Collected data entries
┄┄┄┄┄┄

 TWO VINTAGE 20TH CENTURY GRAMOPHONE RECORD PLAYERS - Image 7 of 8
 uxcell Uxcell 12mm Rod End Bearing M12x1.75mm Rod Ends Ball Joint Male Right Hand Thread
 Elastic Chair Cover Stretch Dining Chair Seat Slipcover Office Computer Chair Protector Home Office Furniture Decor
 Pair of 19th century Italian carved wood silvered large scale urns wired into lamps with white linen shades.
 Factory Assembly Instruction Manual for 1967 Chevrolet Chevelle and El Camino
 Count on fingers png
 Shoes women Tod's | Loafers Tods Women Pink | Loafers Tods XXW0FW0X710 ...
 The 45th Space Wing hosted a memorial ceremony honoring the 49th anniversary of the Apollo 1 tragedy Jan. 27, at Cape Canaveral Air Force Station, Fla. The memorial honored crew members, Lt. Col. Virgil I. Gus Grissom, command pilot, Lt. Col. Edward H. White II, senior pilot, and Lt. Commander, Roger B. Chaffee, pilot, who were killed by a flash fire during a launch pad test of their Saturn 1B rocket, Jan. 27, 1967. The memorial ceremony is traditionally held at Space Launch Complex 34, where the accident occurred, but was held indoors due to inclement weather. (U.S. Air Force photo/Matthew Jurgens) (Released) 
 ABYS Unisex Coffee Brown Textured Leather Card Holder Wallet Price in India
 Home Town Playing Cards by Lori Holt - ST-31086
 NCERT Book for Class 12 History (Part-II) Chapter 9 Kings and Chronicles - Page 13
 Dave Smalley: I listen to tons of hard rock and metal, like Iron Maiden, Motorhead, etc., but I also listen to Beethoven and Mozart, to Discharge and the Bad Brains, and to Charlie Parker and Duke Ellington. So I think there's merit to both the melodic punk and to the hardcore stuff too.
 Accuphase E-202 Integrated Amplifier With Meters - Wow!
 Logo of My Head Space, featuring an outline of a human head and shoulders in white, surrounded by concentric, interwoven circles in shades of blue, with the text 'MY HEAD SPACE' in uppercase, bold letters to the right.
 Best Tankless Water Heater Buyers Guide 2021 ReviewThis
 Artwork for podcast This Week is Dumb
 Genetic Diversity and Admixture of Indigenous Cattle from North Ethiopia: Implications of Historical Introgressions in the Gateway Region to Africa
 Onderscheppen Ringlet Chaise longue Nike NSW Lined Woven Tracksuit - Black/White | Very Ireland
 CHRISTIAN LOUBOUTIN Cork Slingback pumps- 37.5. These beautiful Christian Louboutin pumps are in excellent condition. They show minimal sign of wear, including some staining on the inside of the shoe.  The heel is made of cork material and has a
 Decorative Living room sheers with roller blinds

┄┄┄┄┄┄

> Exercise description:
Transcribe the records exactly as they appear.

> Result of the exercise:
 TWO VINTAGE 20TH CENTURY GRAMOPHONE RECORD PLAYERS - Image 7 of 8
 uxcell Uxcell 12mm Rod End Bearing M12x1.75mm Rod Ends Ball Joint Male Right Hand Thread
 Elastic Chair Cover Stretch Dining Chair Seat Slipcover Office Computer Chair Protector Home Office Furniture Decor
 Pair of 19th century Italian carved wood silvered large scale urns wired into lamps with white linen shades.
 Factory Assembly Instruction Manual for 1967 Chevrolet Chevelle and El Camino
 Count on fingers png
 Shoes women Tod's | Loafers Tods Women Pink | Loafers Tods XXW0FW0X710 ...
 The 45th Space Wing hosted a memorial ceremony honoring the 49th anniversary of the Apollo 1 tragedy Jan. 27, at Cape Canaveral Air Force Station, Fla. The memorial honored crew members, Lt. Col. Virgil I. Gus Grissom, command pilot, Lt. Col. Edward H. White II, senior pilot, and Lt. Commander, Roger B. Chaffee, pilot, who were killed by a flash fire during a launch pad test of their Saturn 1B rocket, Jan. 27, 1967. The memorial ceremony is traditionally held at Space Launch Complex 34, where the accident occurred, but was held indoors due to inclement weather. (U.S. Air Force photo/Matthew Jurgens) (Released) 
 ABYS Unisex Coffee Brown Textured Leather Card Holder Wallet Price in India
 Home Town Playing Cards by Lori Holt - ST-31086
 NCERT Book for Class 12 History (Part-II) Chapter 9 Kings and Chronicles - Page 13
 Dave Smalley: I listen to tons of hard rock and metal, like Iron Maiden, Motorhead, etc., but I also listen to Beethoven and Mozart, to Discharge and the Bad Brains, and to Charlie Parker and Duke Ellington. So I think there's merit to both the melodic punk and to the hardcore stuff too.
 Accuphase E-202 Integrated Amplifier With Meters - Wow!
 Logo of My Head Space, featuring an outline of a human head and shoulders in white, surrounded by concentric, interwoven circles in shades of blue, with the text 'MY HEAD SPACE' in uppercase, bold letters to the right.
 Best Tankless Water Heater Buyers Guide 2021 ReviewThis
 Artwork for podcast This Week is Dumb
 Genetic Diversity and Admixture of Indigenous Cattle from North Ethiopia: Implications of Historical Introgressions in the Gateway Region to Africa
 Onderscheppen Ringlet Chaise longue Nike NSW Lined Woven Tracksuit - Black/White | Very Ireland
 CHRISTIAN LOUBOUTIN Cork Slingback pumps- 37.5. These beautiful Christian Louboutin pumps are in excellent condition. They show minimal sign of wear, including some staining on the inside of the shoe.  The heel is made of cork material and has a
 Decorative Living room sheers with roller blinds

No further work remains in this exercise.